Fitch Affirms The United States at


'AAA'; Outlook Stable - Reuters News
02-Apr-2019 06:33:18 PM
(The following statement was released by the rating agency)

Fitch Ratings-New York-April 02: Fitch Ratings has affirmed The United States of America's Long-Term Foreign-
Currency Issuer Default Rating (IDR) at 'AAA'/Stable Outlook.

A full list of rating actions follows at the end of this release.

KEY RATING DRIVERS

The U.S. sovereign rating is supported by structural strengths that include the size of the economy, high per capita
income, and a dynamic business environment. The U.S. benefits from issuing the dollar, the world's preeminent reserve
currency, and from extraordinary financing flexibility, given that the U.S. Treasury market is the deepest and most liquid
asset market in the world. While there has been a recent loosening in fiscal policy, Fitch considers U.S. debt tolerance
to be higher than that of other sovereigns. However, rising deficits and debt could eventually test these credit strengths
in the absence of reform.

A loosening in fiscal policy has helped economic growth, but has driven a widening in the deficit. The federal
government deficit was 3.8% of GDP in FY18, up from 3.4% of GDP, with revenue falling to 16.5% of GDP, 0.5
percentage points (pp) of GDP below the 20-year average, as a result of the Tax Cuts and Jobs Act. While revenue
declines have bottomed out, primary spending is expected to grow by 0.3pp of GDP in FY19 (mandatory 0.2pp and
discretionary 0.1pp). Available data suggests that the general government recorded a deficit of 4.0% of GDP on an IMF
GFS basis in 2018, with general government debt reaching 98.9% of GDP.

Fitch's longer-run debt sustainability analysis suggests that general government debt could exceed 120% of GDP by
2028, lower than the level expected at our last review, as the projection of long-term interest rates is somewhat lower.
This projection assumes that a gradual 1pp increase in marginal borrowing costs from 2018 levels pushes up the
interest bill, while the primary deficit widens by 2pp of GDP over 10 years, and growth trends down to its potential rate
just below 2%. In common with some other developed countries, the U.S. faces longer-term pressure on public
spending driven largely by growing mandatory spending on pensions and healthcare as the population ages.

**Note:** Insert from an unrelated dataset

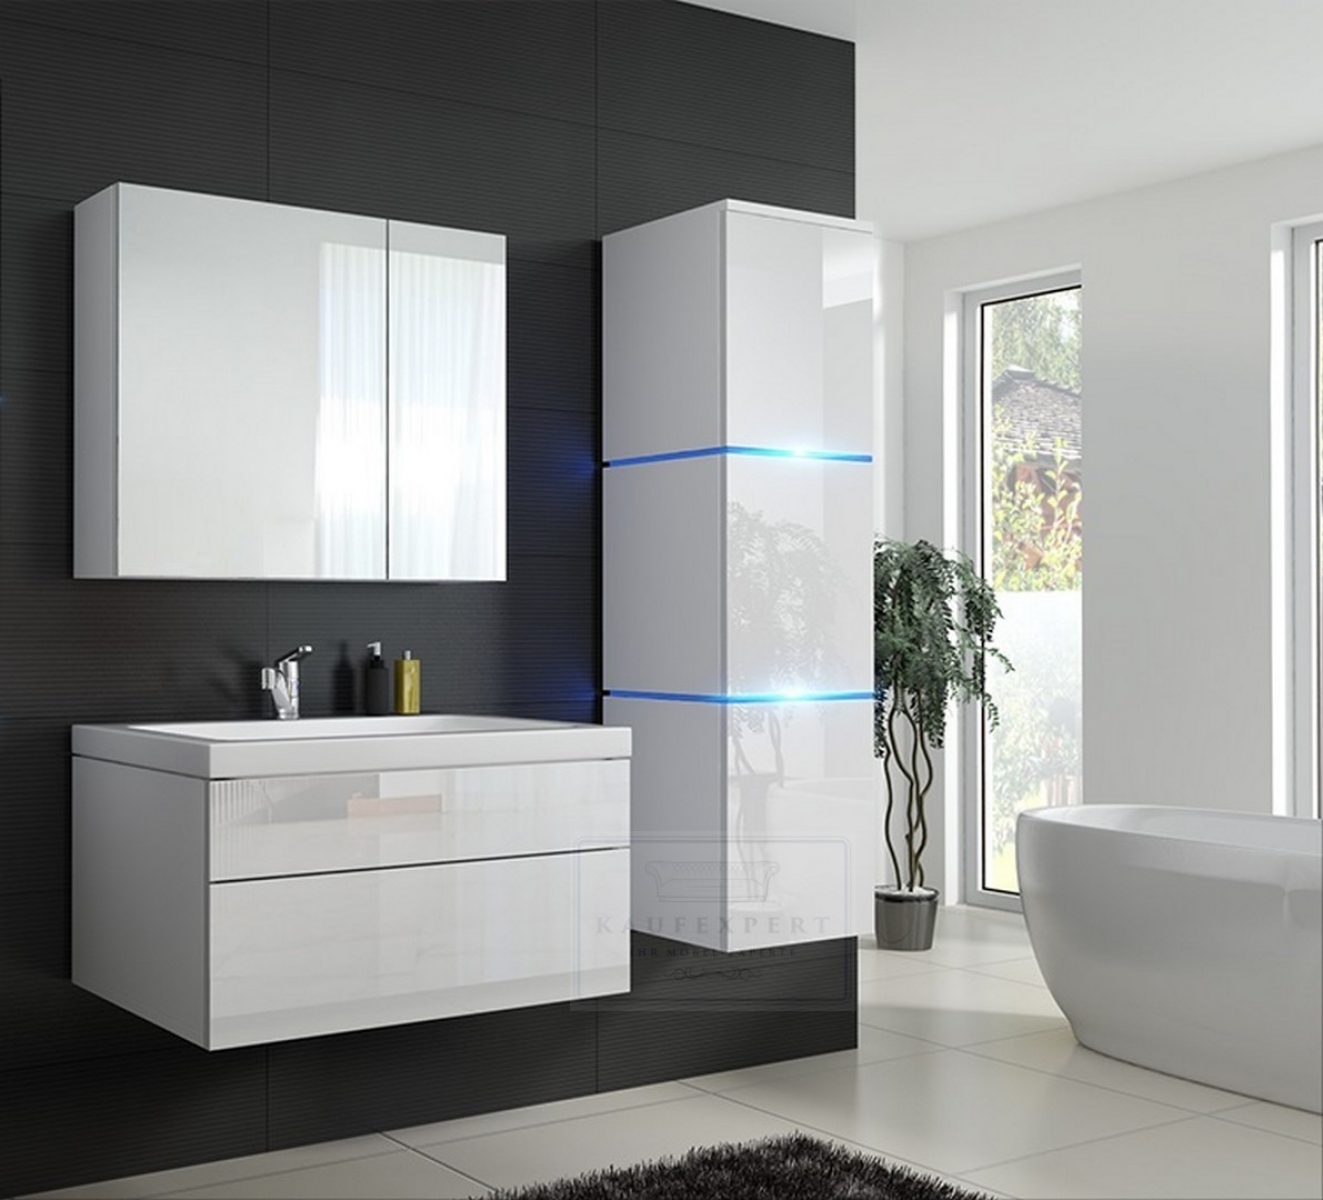 Badmöbel-Set Lux 1 NEW Weiß Hochglanz KERAMIK Waschbecken Badezimmer Led Beleuchtung Badezimmermöbel Keramikbecken

Running a large deficit at this point in the economic cycle puts public finances in a weaker position to confront any future
economic downturn. Ten years into an economic expansion, Fitch forecasts the U.S. to grow faster than most advanced
economies in 2019-20, although we have lowered the growth forecast to 2.3% in 2019 and 1.9% in 2020. Global growth
prospects have weakened over the past quarter, but the U.S. economy is less exposed to slower trade growth than
most of its peers. Up to 12% of U.S. imports are currently subject to tariffs, and retaliatory tariffs have affected particular
sectors, but without sizeable growth impacts.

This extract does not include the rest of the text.